Leonard não teve tempo para ir muito longe. Não teve tempo ao menos para sonhar com sua salvação, ou para ver o famoso filme que diziam passar na cabeça das pessoas quando a morte lhe abraçava. Ela veio brusca, num golpe doloroso e barulhento que o lançou de cara na estrada de terra, num baque que fez o osso de seu nariz estalar, enquanto seu peito era poupado de ser esfolado por causa do tecido de suas roupas, mas isso pouco importava, porque suas costas doíam feito o inferno. Cortes profundos haviam sido abertos em sua carne e ele sabia que a criatura havia o acertado com suas garras.
Tentou buscar ar, mas tudo que foi ouvido foi apenas um som semelhante a um engasgo de sua parte, sufocado por um uivo a cortar a noite.
A enorme pata atingiu sua região lombar e Leonard quase desfaleceu de dor quando sua coluna partiu e o imobilizou da cintura para baixo. Num resquício de loucura, tentou se arrastar e engasgou pela última vez quando mais um golpe o atingiu na cervical e cortou de uma vez por todas seu oxigênio.
Leonard nunca teve chance alguma e, por fim, a morte o abraçou.
Porém a criatura não parou por aí. O corpo do rapaz foi virado em decúbito dorsal e suas vísceras não demoraram a ser expostas para que toda a essência vital de Leonard alimentasse a fome desenfreada daquela que dali para frente todos passariam a conhecer como ‘A Besta de Loches’. Aquela que estaria presente nos contos das velhas senhoras, em volta de fogueiras, e estampada nas manchetes dos jornais.
Quando a escuridão dominava o coração dos mais frágeis e os gritos cortavam a noite, a besta se levantava para aniquilá-los e satisfazer seus desejos mais selvagens.
Com o sangue de suas vítimas a tomar seus lábios, caminhava sedenta por mais... Deixando um rastro sangrento de caos e destruição por onde passava.
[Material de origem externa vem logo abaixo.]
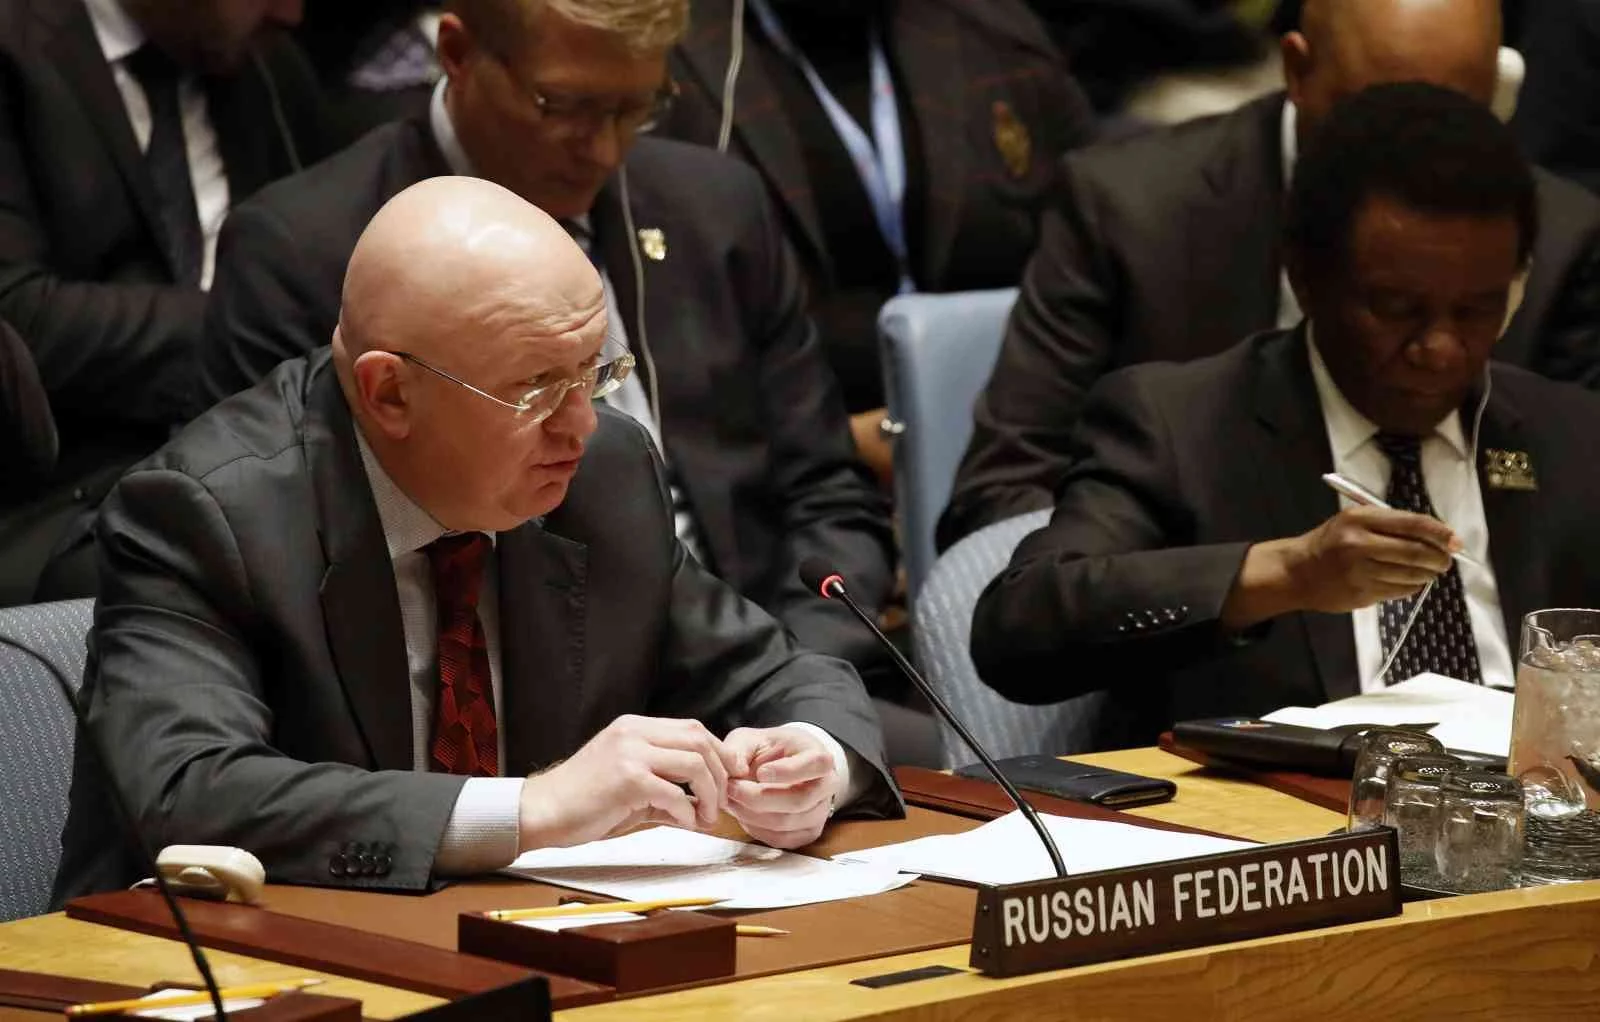 Rusyanın BM Daimi Temsilcisi Nebenzya: “Özel askeri operasyon hedeflerine ulaştığında duracaktır”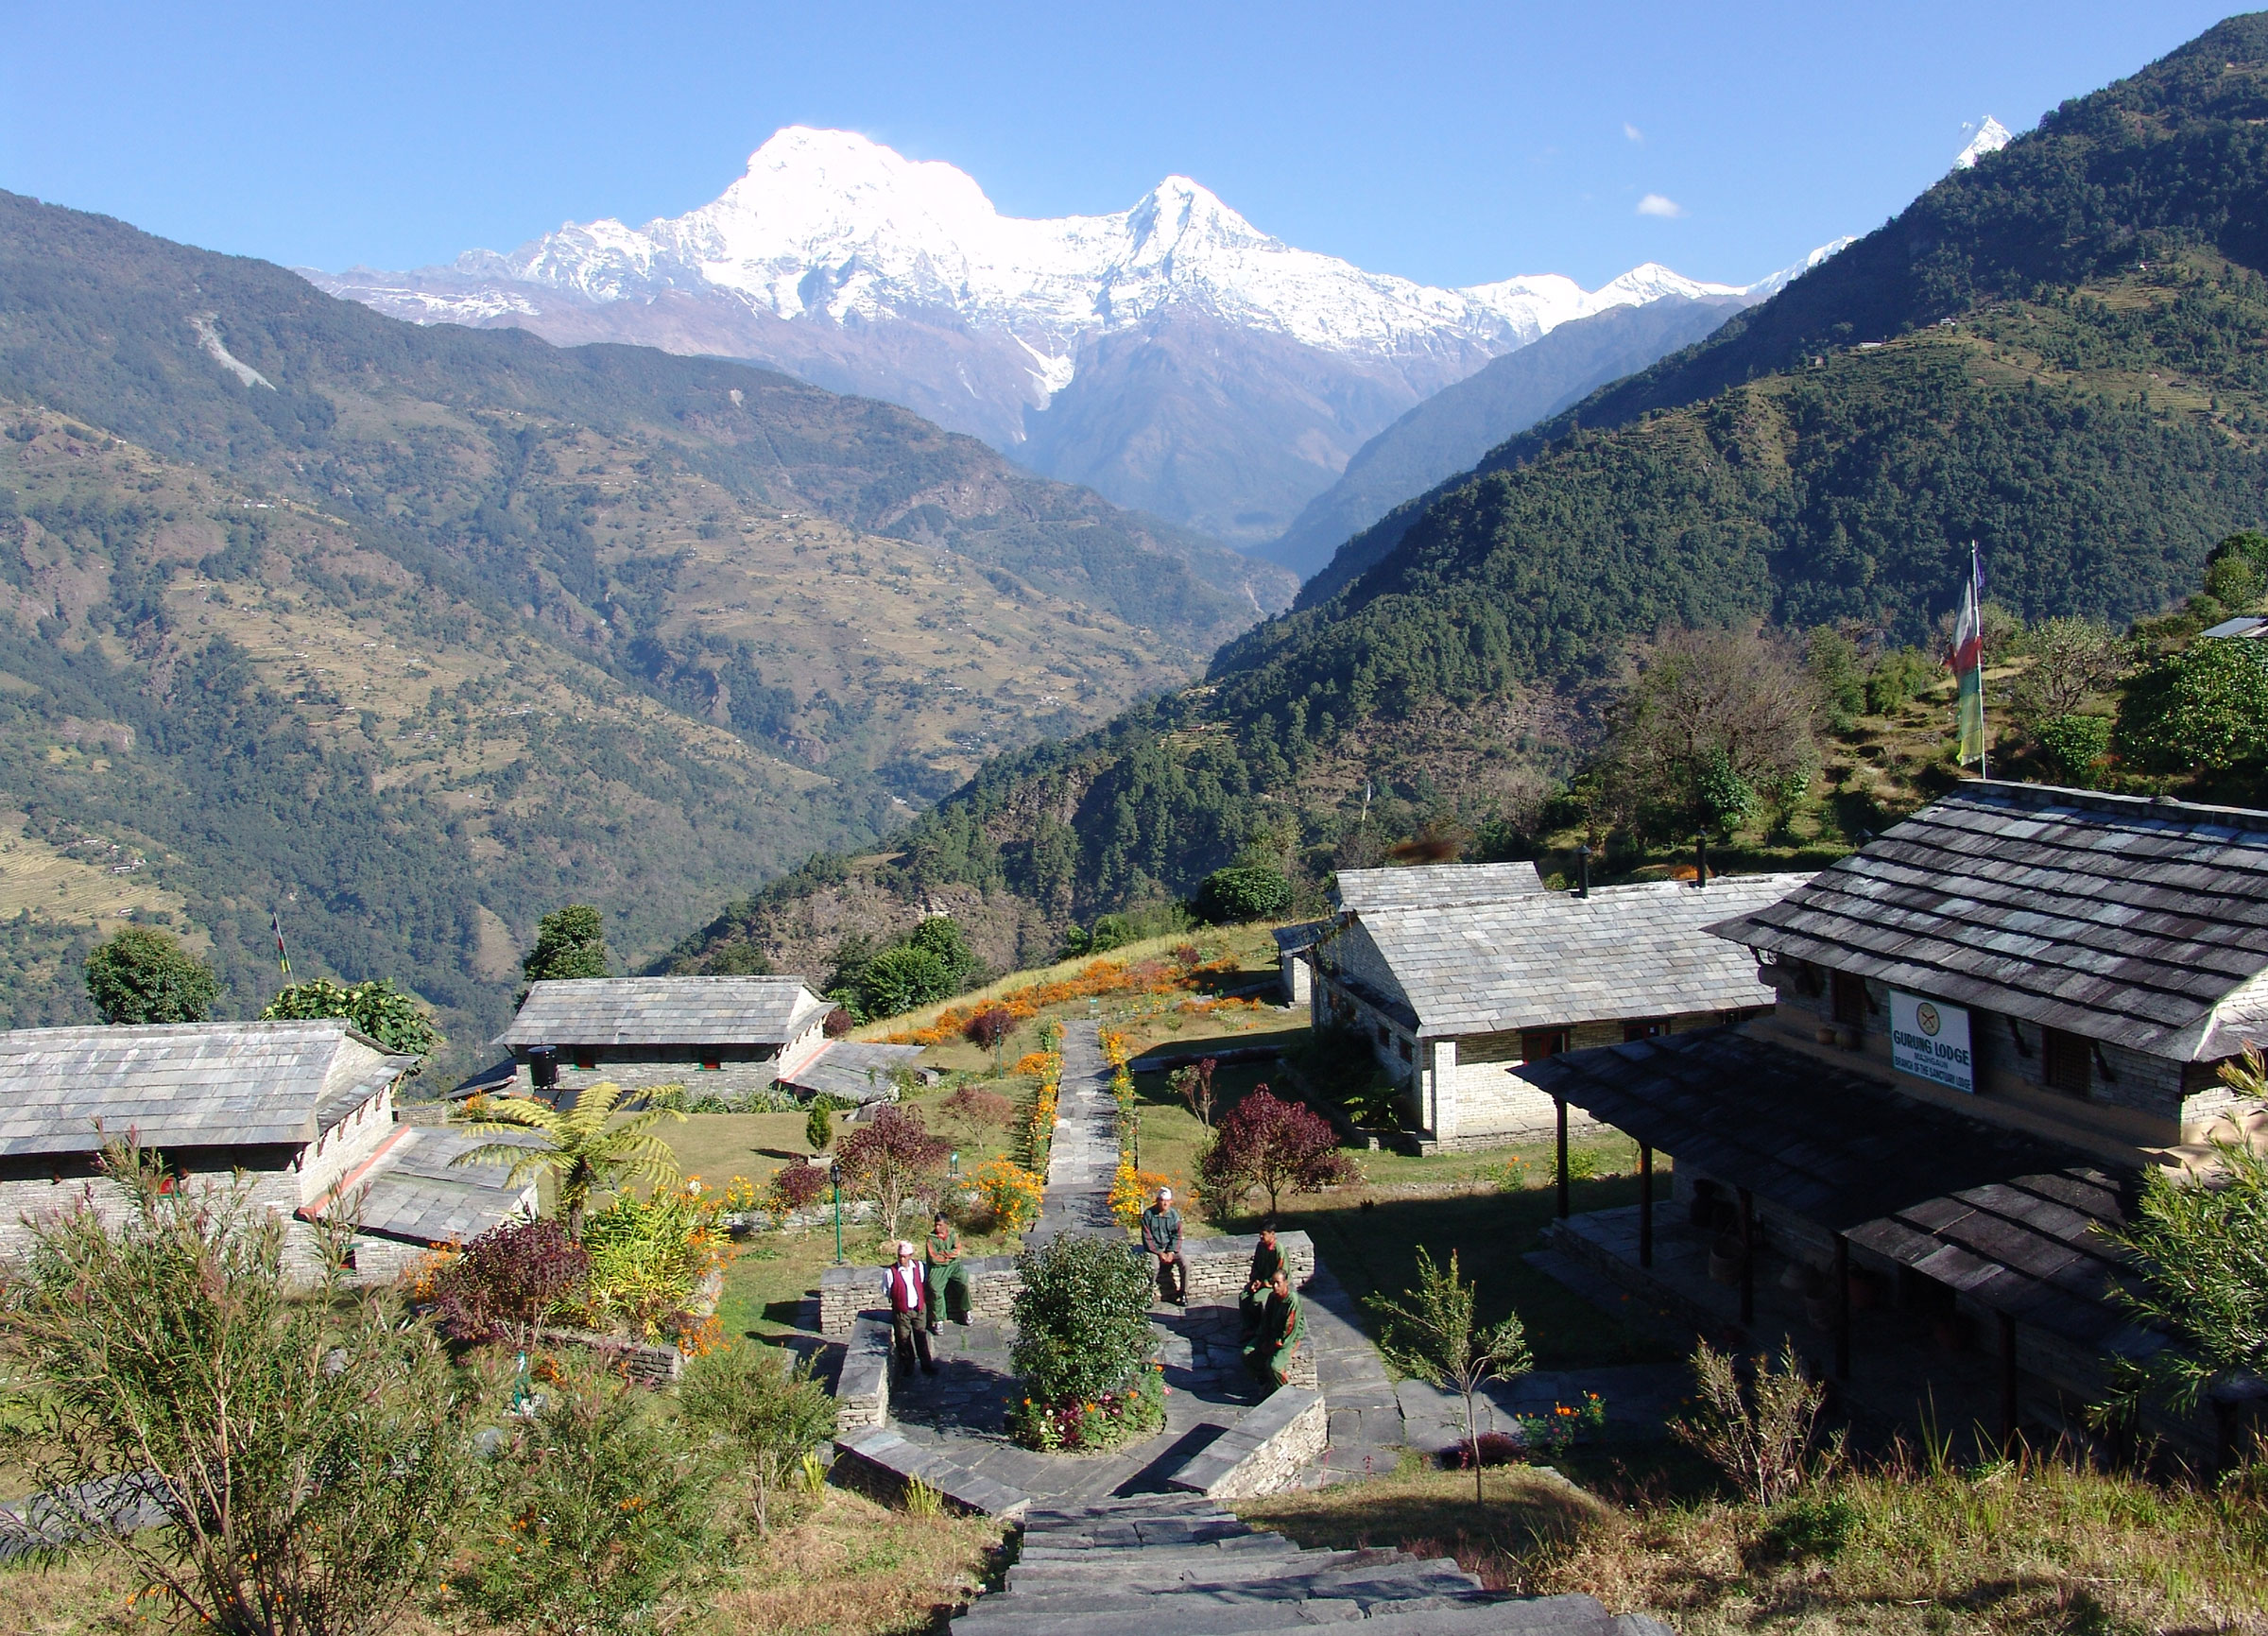 Ker & Downey Nepal Mountain Lodges - hiking in Nepal

O ser humano, arrogante como era, tinha, mais uma vez, sua inteligência posta à prova.
O que era aquela criatura? Haveria uma solução? Uma forma de pará-la?
A enorme poça do sangue de Leonard manchou a estrada, que nunca fora palco de uma morte tão grotesca, e várias horas depois, quando os passarinhos cantavam o despertar da aurora, o grito de uma donzela alertou a população.”